::: Records for this task :::

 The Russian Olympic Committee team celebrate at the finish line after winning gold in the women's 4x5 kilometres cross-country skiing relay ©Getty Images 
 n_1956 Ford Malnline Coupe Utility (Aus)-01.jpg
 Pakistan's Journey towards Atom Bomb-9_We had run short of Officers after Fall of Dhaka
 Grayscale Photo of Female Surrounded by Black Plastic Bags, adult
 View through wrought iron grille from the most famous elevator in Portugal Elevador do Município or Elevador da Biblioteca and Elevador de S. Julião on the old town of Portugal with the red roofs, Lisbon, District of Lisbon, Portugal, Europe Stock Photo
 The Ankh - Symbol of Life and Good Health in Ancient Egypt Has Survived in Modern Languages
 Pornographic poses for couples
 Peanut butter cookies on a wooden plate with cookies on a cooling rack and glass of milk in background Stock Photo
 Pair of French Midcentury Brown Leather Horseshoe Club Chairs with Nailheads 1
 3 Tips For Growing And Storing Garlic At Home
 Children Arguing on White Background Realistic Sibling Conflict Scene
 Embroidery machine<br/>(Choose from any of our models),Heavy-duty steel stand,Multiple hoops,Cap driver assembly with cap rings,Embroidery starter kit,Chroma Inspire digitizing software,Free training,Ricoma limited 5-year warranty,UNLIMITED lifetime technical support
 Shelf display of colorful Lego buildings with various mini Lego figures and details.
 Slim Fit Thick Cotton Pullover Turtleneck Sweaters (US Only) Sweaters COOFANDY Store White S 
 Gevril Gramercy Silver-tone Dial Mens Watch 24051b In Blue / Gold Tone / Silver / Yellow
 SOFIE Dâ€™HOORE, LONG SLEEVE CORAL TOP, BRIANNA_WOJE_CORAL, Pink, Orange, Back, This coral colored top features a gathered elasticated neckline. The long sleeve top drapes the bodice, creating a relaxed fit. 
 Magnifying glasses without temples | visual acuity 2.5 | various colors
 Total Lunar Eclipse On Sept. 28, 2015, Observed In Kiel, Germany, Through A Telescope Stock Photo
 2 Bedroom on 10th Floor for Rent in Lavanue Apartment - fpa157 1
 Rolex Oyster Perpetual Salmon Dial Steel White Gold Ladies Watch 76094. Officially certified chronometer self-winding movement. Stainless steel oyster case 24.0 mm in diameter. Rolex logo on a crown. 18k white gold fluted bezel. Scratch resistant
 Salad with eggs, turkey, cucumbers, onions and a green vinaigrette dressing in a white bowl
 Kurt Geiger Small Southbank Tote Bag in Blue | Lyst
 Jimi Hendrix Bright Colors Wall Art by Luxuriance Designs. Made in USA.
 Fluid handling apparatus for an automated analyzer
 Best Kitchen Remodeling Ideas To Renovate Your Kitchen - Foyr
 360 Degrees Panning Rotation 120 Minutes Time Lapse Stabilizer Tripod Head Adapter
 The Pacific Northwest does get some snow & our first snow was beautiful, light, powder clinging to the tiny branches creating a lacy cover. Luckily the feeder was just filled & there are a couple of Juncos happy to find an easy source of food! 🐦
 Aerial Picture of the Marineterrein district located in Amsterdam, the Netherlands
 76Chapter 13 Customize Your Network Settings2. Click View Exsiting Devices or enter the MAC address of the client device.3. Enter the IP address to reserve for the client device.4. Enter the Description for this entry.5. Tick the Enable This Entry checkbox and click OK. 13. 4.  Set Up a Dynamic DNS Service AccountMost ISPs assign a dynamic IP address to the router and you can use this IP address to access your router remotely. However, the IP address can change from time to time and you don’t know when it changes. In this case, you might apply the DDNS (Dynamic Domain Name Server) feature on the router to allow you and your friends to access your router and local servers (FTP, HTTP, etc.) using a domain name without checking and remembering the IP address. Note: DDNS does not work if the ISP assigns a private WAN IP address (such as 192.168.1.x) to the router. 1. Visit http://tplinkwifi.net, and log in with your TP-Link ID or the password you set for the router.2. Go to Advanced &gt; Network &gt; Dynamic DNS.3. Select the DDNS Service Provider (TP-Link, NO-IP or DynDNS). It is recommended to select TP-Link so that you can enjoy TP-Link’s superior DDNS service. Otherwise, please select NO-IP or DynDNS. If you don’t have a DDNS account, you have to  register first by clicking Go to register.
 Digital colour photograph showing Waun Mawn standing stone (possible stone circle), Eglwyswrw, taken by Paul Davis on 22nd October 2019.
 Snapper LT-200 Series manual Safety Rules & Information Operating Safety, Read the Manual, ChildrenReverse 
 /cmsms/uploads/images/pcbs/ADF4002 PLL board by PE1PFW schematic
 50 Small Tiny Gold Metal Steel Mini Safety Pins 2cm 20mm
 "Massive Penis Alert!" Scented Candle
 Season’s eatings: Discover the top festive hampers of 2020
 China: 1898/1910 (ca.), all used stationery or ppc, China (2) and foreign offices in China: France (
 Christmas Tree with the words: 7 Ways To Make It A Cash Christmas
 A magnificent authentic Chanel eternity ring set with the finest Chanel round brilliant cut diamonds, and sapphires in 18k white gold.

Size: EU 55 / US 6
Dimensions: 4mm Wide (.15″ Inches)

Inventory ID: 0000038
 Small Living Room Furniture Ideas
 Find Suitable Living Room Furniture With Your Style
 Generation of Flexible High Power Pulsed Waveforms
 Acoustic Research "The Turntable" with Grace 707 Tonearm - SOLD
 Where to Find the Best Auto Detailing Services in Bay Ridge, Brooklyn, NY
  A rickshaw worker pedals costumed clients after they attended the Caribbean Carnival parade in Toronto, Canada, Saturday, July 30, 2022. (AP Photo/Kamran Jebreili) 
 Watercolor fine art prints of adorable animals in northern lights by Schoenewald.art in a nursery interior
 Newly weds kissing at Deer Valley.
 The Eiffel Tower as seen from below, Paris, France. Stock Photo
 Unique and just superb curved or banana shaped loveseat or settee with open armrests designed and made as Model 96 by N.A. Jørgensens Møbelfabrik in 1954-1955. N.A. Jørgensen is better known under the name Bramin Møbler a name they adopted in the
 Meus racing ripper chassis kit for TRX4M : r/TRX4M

:::

- _Your goal_:
Filter the listing above so that only lines holding the word "Blue" remain, and report those lines.

- _Your solution_:
 Gevril Gramercy Silver-tone Dial Mens Watch 24051b In Blue / Gold Tone / Silver / Yellow
 Kurt Geiger Small Southbank Tote Bag in Blue | Lyst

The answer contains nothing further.